(Data records)
****************
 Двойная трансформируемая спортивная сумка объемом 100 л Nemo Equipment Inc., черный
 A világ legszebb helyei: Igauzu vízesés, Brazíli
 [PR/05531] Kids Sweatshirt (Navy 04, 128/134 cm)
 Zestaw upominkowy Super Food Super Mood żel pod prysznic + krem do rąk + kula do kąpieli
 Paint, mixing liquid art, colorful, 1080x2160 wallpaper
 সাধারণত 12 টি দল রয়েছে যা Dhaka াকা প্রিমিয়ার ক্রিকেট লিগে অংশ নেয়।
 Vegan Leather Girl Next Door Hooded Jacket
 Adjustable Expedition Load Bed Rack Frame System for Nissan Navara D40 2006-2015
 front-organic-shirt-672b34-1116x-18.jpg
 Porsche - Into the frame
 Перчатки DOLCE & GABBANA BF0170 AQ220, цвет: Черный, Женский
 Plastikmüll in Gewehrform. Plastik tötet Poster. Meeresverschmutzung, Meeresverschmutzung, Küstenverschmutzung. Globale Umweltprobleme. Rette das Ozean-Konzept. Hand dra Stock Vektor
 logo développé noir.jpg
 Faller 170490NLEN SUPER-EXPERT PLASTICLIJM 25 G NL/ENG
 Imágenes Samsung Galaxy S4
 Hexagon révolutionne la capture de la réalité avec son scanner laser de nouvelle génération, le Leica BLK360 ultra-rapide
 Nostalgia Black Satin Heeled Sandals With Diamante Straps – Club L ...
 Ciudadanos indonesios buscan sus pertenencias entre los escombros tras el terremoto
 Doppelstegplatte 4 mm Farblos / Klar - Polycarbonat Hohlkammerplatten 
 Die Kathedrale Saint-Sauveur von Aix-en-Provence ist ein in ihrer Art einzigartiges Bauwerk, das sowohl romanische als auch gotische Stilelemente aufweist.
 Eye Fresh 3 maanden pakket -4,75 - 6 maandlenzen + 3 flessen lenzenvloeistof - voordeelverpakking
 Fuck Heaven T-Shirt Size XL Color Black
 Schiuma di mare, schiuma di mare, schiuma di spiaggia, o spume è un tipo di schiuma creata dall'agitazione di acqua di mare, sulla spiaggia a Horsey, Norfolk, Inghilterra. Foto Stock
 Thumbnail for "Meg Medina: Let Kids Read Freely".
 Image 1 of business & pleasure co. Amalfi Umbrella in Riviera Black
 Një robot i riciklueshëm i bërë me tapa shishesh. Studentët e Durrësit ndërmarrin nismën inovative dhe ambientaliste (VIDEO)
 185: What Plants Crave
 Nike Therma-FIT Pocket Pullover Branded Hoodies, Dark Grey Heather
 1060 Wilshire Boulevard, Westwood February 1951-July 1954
****************
Exercise aim — All of the data above is to be transcribed without alteration.

Solution for this task —
 Двойная трансформируемая спортивная сумка объемом 100 л Nemo Equipment Inc., черный
 A világ legszebb helyei: Igauzu vízesés, Brazíli
 [PR/05531] Kids Sweatshirt (Navy 04, 128/134 cm)
 Zestaw upominkowy Super Food Super Mood żel pod prysznic + krem do rąk + kula do kąpieli
 Paint, mixing liquid art, colorful, 1080x2160 wallpaper
 সাধারণত 12 টি দল রয়েছে যা Dhaka াকা প্রিমিয়ার ক্রিকেট লিগে অংশ নেয়।
 Vegan Leather Girl Next Door Hooded Jacket
 Adjustable Expedition Load Bed Rack Frame System for Nissan Navara D40 2006-2015
 front-organic-shirt-672b34-1116x-18.jpg
 Porsche - Into the frame
 Перчатки DOLCE & GABBANA BF0170 AQ220, цвет: Черный, Женский
 Plastikmüll in Gewehrform. Plastik tötet Poster. Meeresverschmutzung, Meeresverschmutzung, Küstenverschmutzung. Globale Umweltprobleme. Rette das Ozean-Konzept. Hand dra Stock Vektor
 logo développé noir.jpg
 Faller 170490NLEN SUPER-EXPERT PLASTICLIJM 25 G NL/ENG
 Imágenes Samsung Galaxy S4
 Hexagon révolutionne la capture de la réalité avec son scanner laser de nouvelle génération, le Leica BLK360 ultra-rapide
 Nostalgia Black Satin Heeled Sandals With Diamante Straps – Club L ...
 Ciudadanos indonesios buscan sus pertenencias entre los escombros tras el terremoto
 Doppelstegplatte 4 mm Farblos / Klar - Polycarbonat Hohlkammerplatten 
 Die Kathedrale Saint-Sauveur von Aix-en-Provence ist ein in ihrer Art einzigartiges Bauwerk, das sowohl romanische als auch gotische Stilelemente aufweist.
 Eye Fresh 3 maanden pakket -4,75 - 6 maandlenzen + 3 flessen lenzenvloeistof - voordeelverpakking
 Fuck Heaven T-Shirt Size XL Color Black
 Schiuma di mare, schiuma di mare, schiuma di spiaggia, o spume è un tipo di schiuma creata dall'agitazione di acqua di mare, sulla spiaggia a Horsey, Norfolk, Inghilterra. Foto Stock
 Thumbnail for "Meg Medina: Let Kids Read Freely".
 Image 1 of business & pleasure co. Amalfi Umbrella in Riviera Black
 Një robot i riciklueshëm i bërë me tapa shishesh. Studentët e Durrësit ndërmarrin nismën inovative dhe ambientaliste (VIDEO)
 185: What Plants Crave
 Nike Therma-FIT Pocket Pullover Branded Hoodies, Dark Grey Heather
 1060 Wilshire Boulevard, Westwood February 1951-July 1954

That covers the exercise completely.